Color solid

Painters long mixed colors by combining relatively bright pigments with black and white. Mixtures with white are called tints, mixtures with black are called shades, and mixtures with both are called tones. See Tints and shades.^[1]

Side-by-side comparison of several different color solids for the HSL, HSV and RGB color models. Potential shapes include (but are not strictly limited to) cubes, cylinders, cones and spheres.

A color solid is the three-dimensional representation of a color space or model and can be thought as an analog of, for example, the one-dimensional color wheel, which depicts the variable of hue (similarity with red, yellow, green, blue, magenta, etc.); or the two-dimensional chromaticity diagram (also known as color triangle), which depicts the variables of hue and spectral purity. The added spatial dimension allows a color solid to depict the three dimensions of color: lightness (gradations of light and dark, tints or shades), hue, and colorfulness, allowing the solid to depict all conceivable colors in an organized three-dimensional structure.

Organization[edit]

• Vertical cross sections of various spherically-shaped color solids
• 
  Philipp Otto Runge's Farbenkugel.
• 
  Albert Henry Munsell's color sphere.
• 
  Johannes Itten's color sphere.
• 
  Spherical coordinate system (for comparison).

Different color theorists have each designed unique color solids. Many are in the shape of a sphere, whereas others are warped three-dimensional ellipsoid figures—these variations being designed to express some aspect of the relationship of the colors more clearly. The color spheres conceived by Phillip Otto Runge and Johannes Itten are typical examples and prototypes for many other color solid schematics.^[2]

As in the color wheel, contrasting (or complementary) hues are located opposite each other in most color solids. Moving toward the central axis, colors become less and less saturated, until all colors meet at the central axis as a neutral gray. Moving vertically in the color solid, colors become lighter (toward the top) and darker (toward the bottom). At the upper pole, all hues meet in white; at the bottom pole, all hues meet in black.

The vertical axis of the color solid, then, is gray all along its length, varying from black at the bottom to white at the top, it is a grayscale. All pure (saturated) hues are located on the surface of the solid, varying from light to dark down the color solid. All colors that are desaturated in any degree (that is, that they can be though of containing both black and white in varying amounts) comprise the solid's interior, likewise varying in brightness from top to bottom.

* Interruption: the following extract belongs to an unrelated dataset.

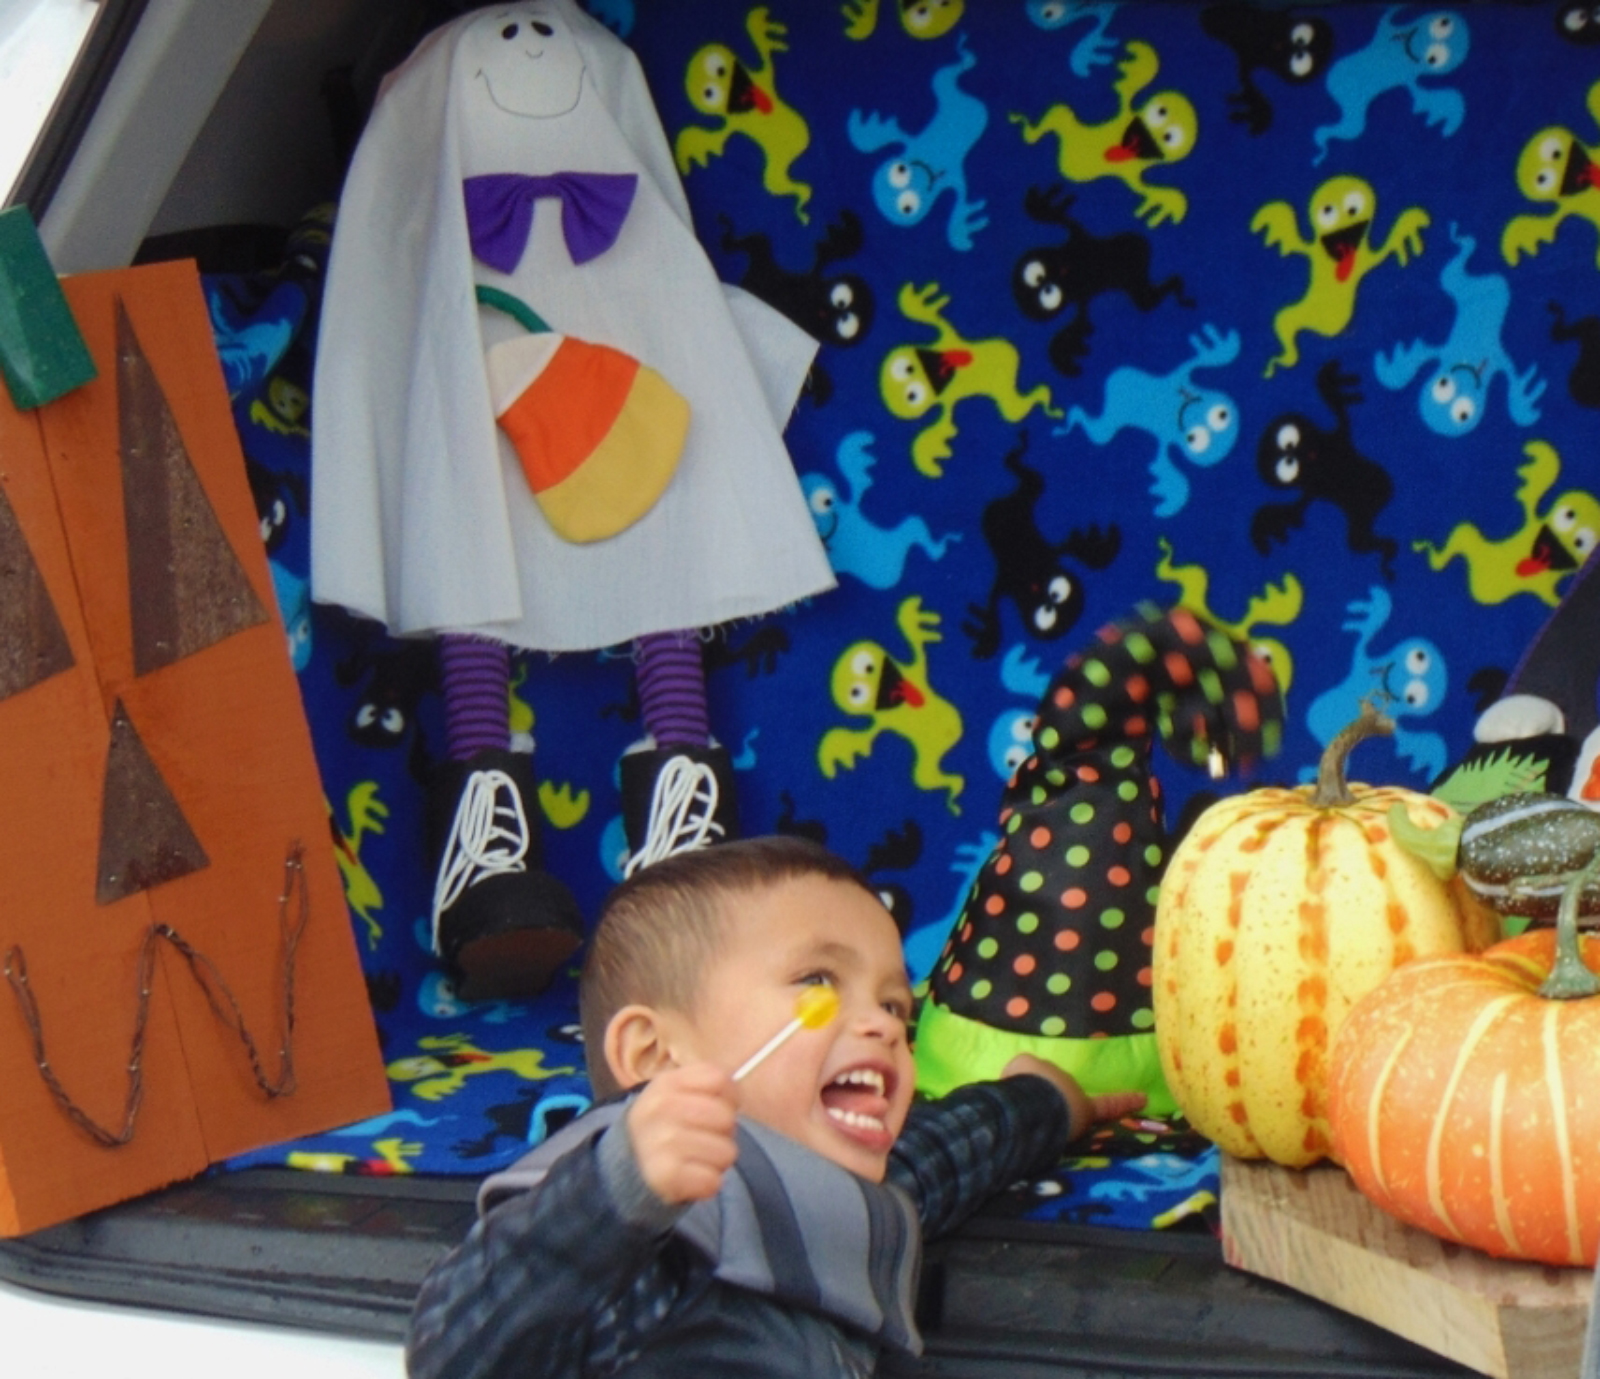 Lake County Halloween events scheduled throughout county

Exterior view of color sphere of Albert Henry Munsell, 1900. This is actually a drawing of a physical model that was manufactured and sold.

Interior cross section of Munsell's color sphere and color tree, 1915. Munsell was the first known person that separated hue, value, and chroma into perceptually uniform and independent dimensions, and he was the first to illustrate the colors systematically in three-dimensional space.^[3]

Philipp Otto Runge’s Farbenkugel (color sphere), 1810, showing the surface of the sphere (top two images), and horizontal and vertical cross sections (bottom two images).

Color sphere of Johannes Itten, 1919-20. A much clearer representation of his model appears in The Art of Color, 1961, which cannot be reproduced here for copyright reasons.

Color sphere modeled in salt dough by Jesse Hensel, 2011.

Section of Hensel's sphere revealing some of the desaturated colors.

Optimal color solid[edit]

The optimal color solid, Rösch–MacAdam color solid, or simply visible gamut, is a type of color solid that contains all the colors visible by humans. The optimal color solid is bounded by the set of all optimal colors.^[4]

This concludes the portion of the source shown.